During a natural disaster or other emergency, it may seem like the whole world is on pause. But, most of the world will be going about regular business — including the people who collect your monthly insurance premium payment or the latest payment on a medical bill. There are policies in place in most states to delay premium collection and deadlines for medical bills, but the best way to handle this issue is to call your insurance company directly (this number should be on the back of your insurance card).

Beyond premiums and medical bills, natural disasters might cause you to relocate and need care from doctors who aren’t in your network. Seeking care from out-of-network providers can lead to increased costs for you.
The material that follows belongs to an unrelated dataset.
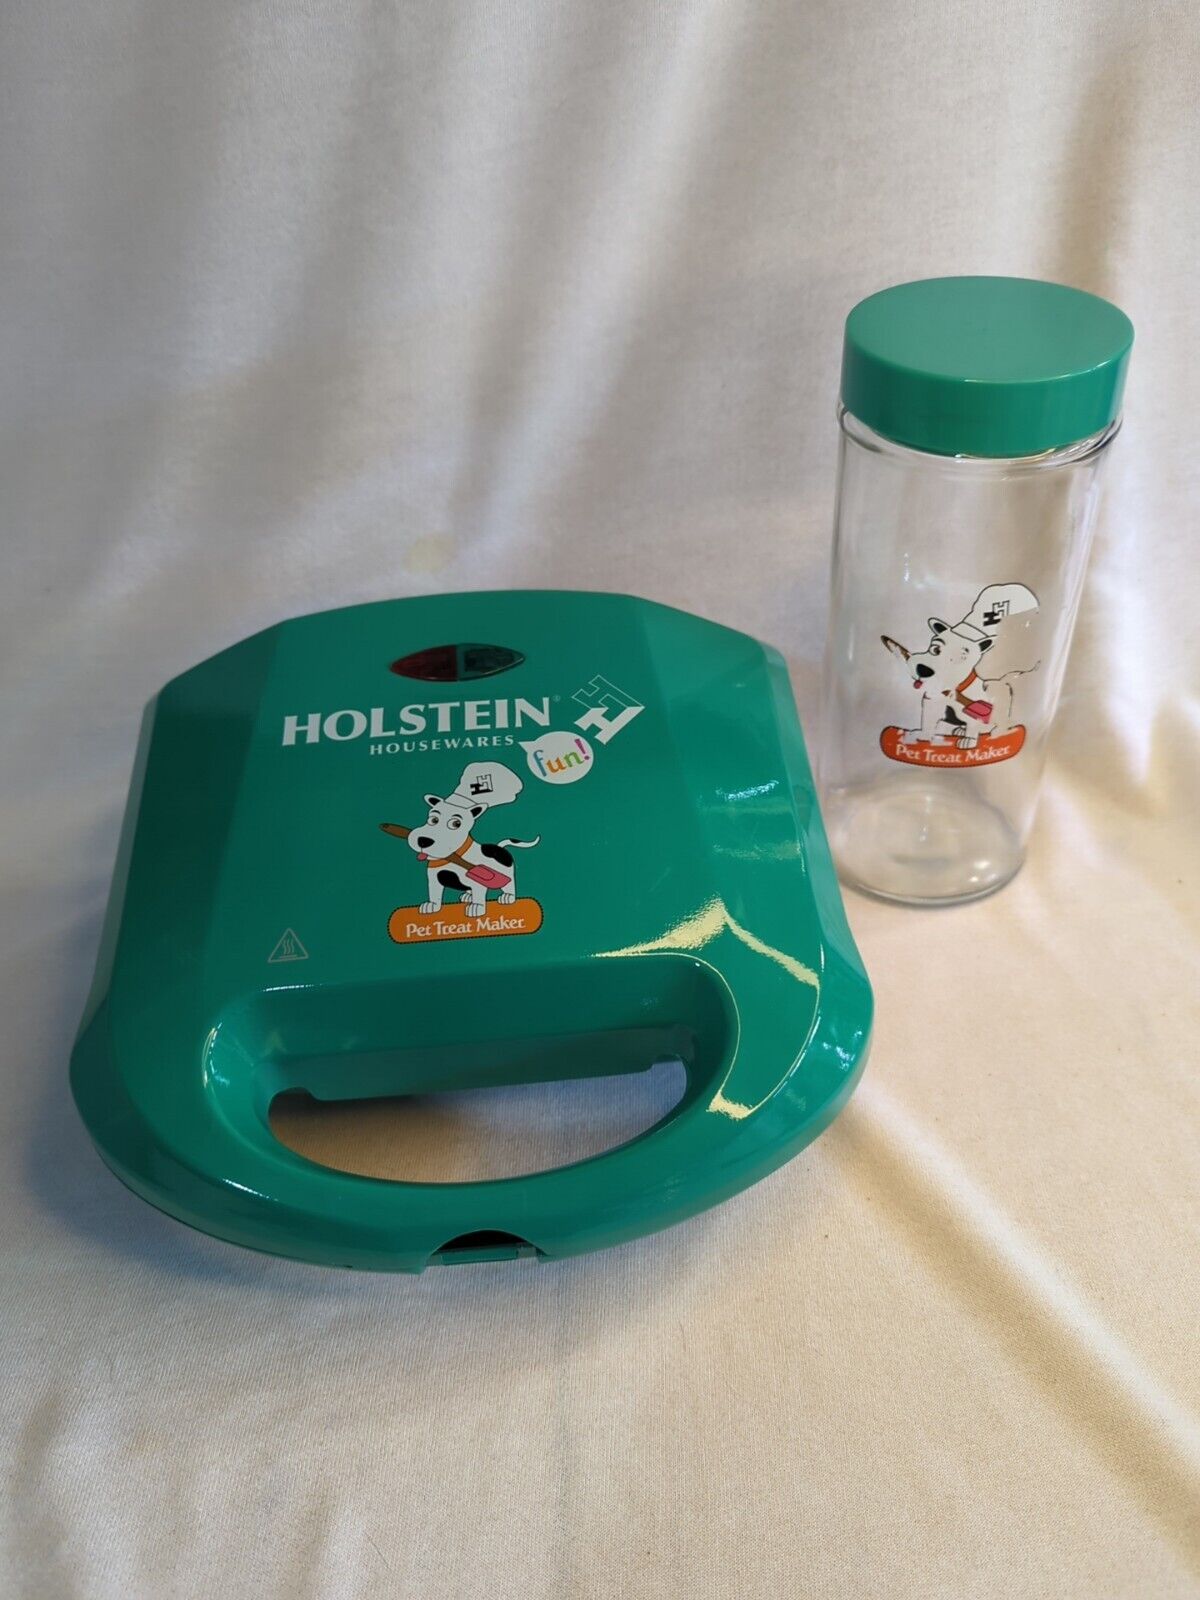 Holstein Housewares Pet Treat Maker Dog Biscuit Maker Green And Container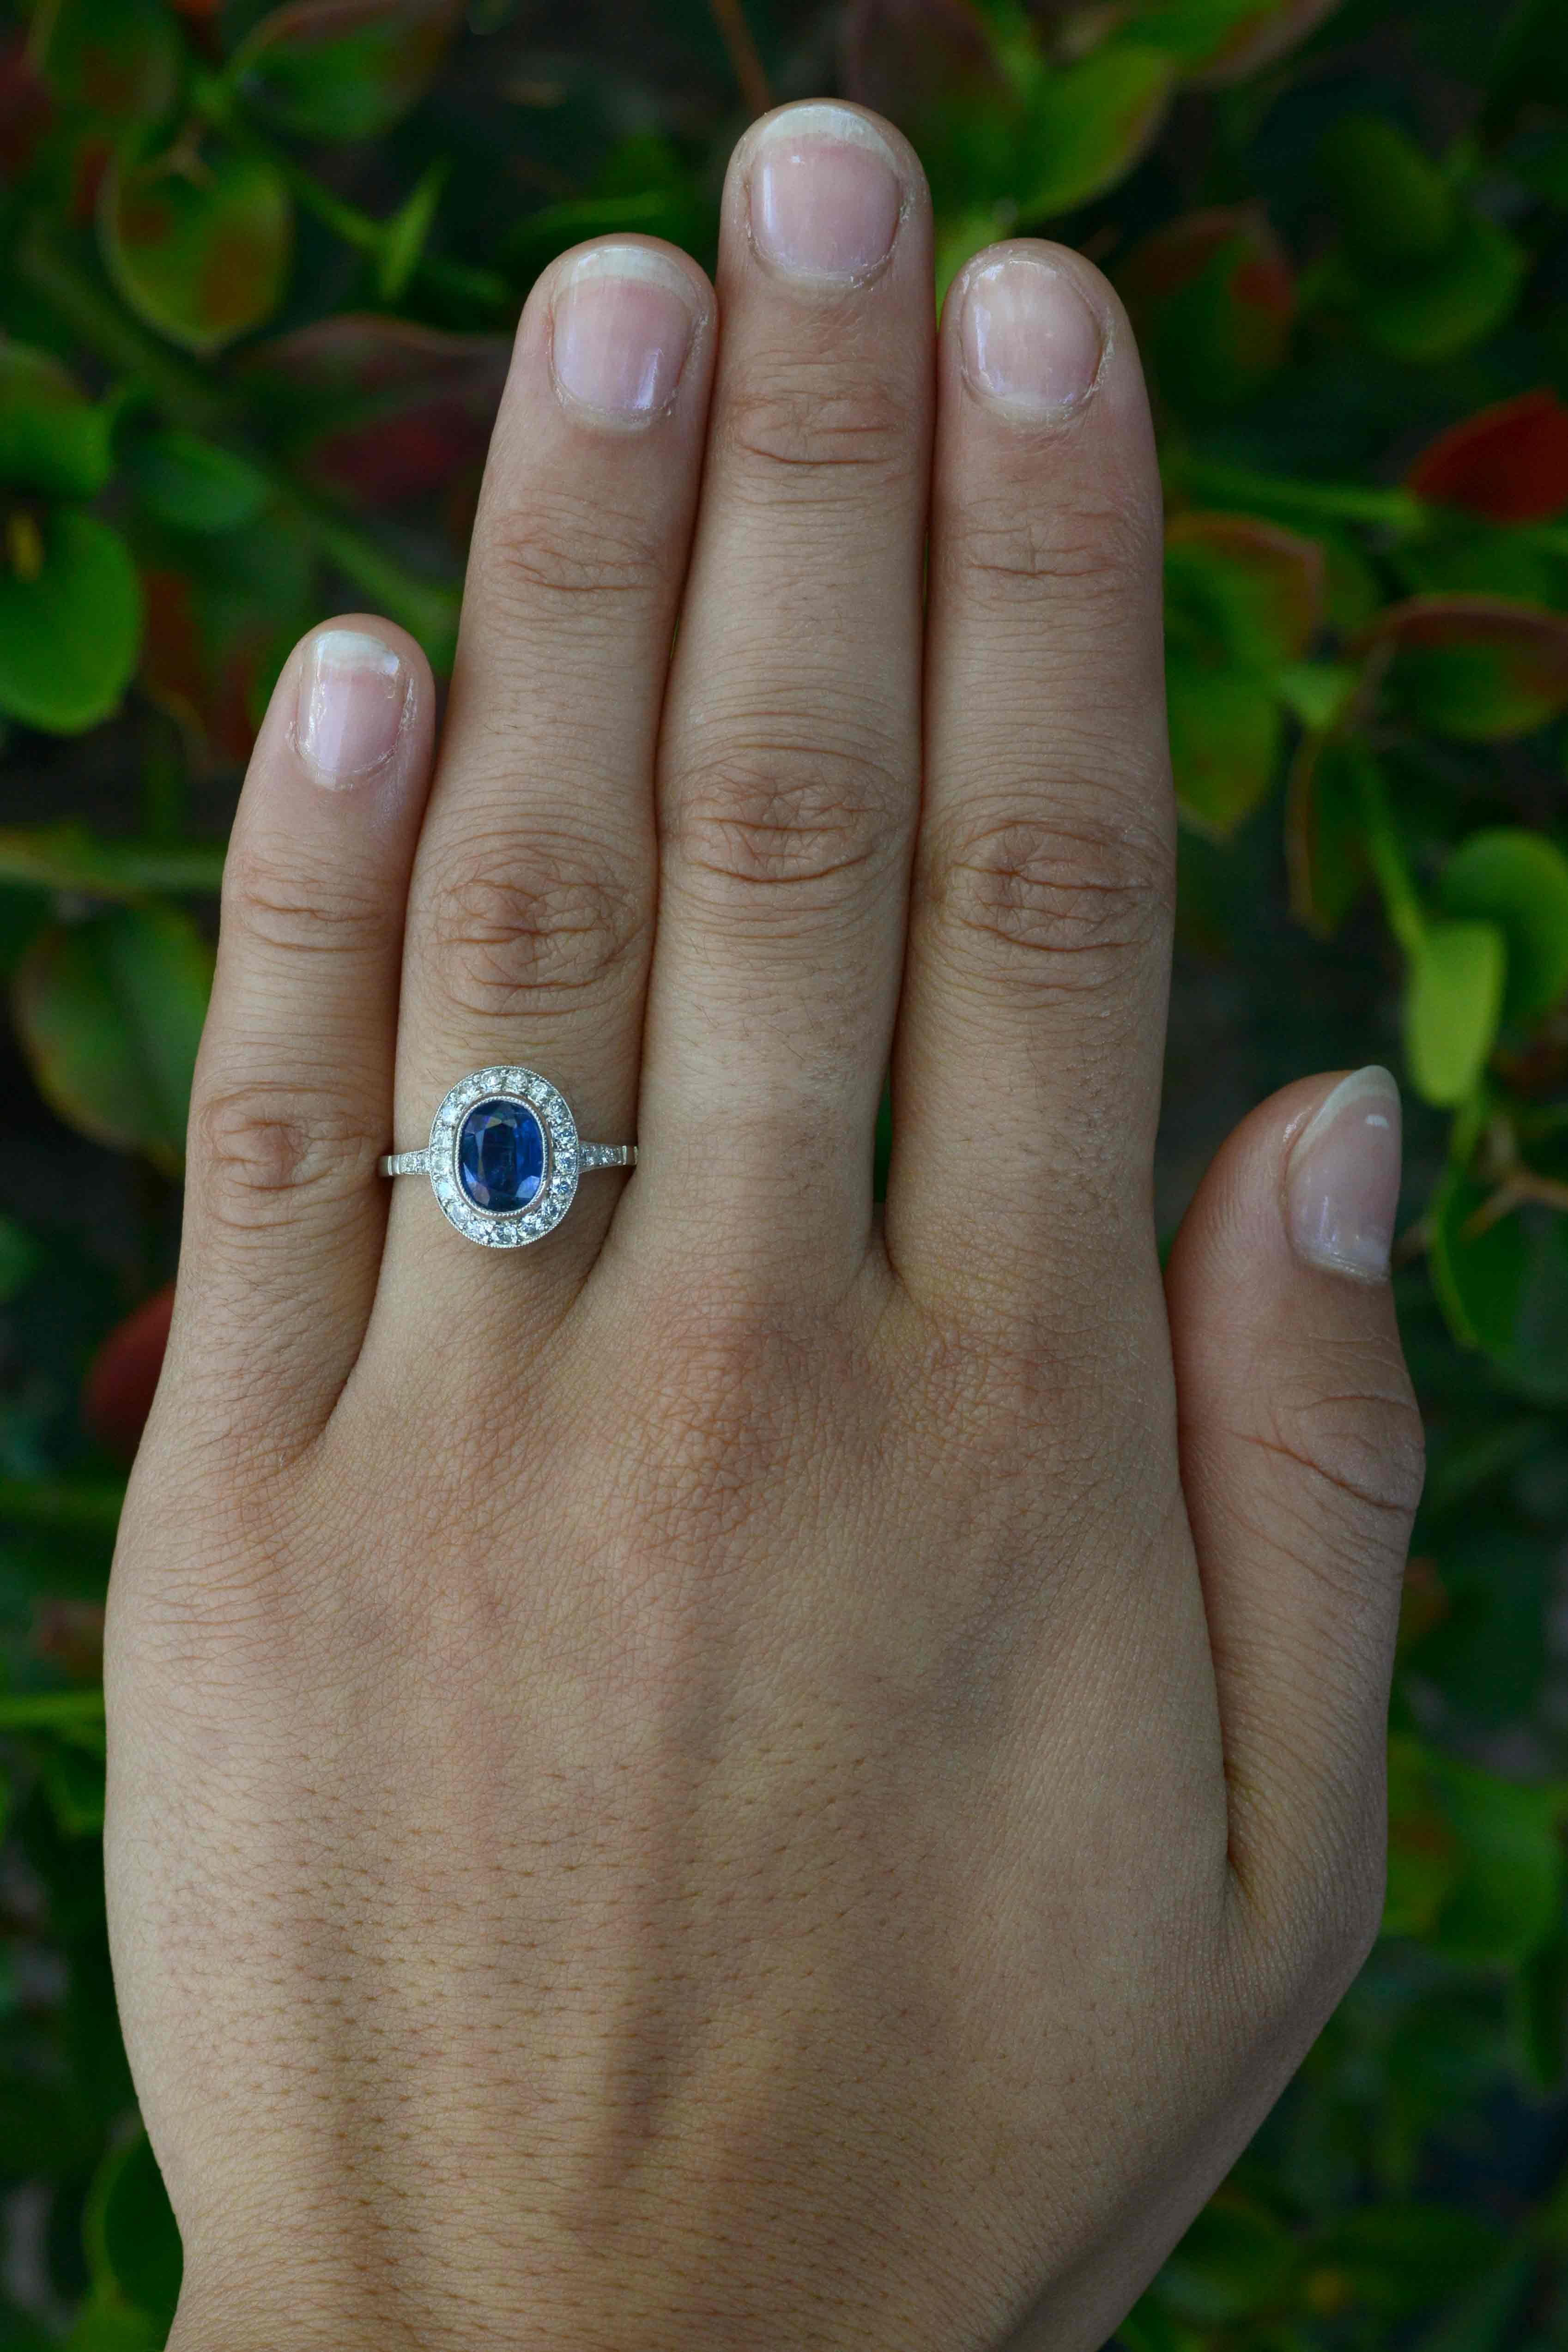 A revivalist Edwardian sapphire engagement ring adorned with a sparkling diamond halo. The finger coverage on this unusual, elongated oval ring is breathtaking. Weighing an impressive 1.87 carats, the captivating natural sapphire of a vivid,

Check out the Georgetown Center on Health Insurance Reform (CHIR)’s blog for more information, “In the Aftermath of a Natural Disaster and Have Questions about your Health Insurance Coverage?” They explain how your health plan might cover out of network care if you aren’t able to see a provider in your network:

“In emergency situations, the Affordable Care Act requires insurers to provide coverage for out-of-network care and prohibits insurers from charging higher coinsurance or copayment amounts for out-of-network care than for in-network care. The ACA, however, does not prohibit medical providers from billing consumers the “balance” of their charges after an insurer pays a portion of the charges. Some states have protections against this “balance billing,” in emergency situations including Florida, which prohibits medical providers from balance billing consumers when they receive emergency services by an out-of-network provider.” Read HIP’s post on balance or surprise billing here.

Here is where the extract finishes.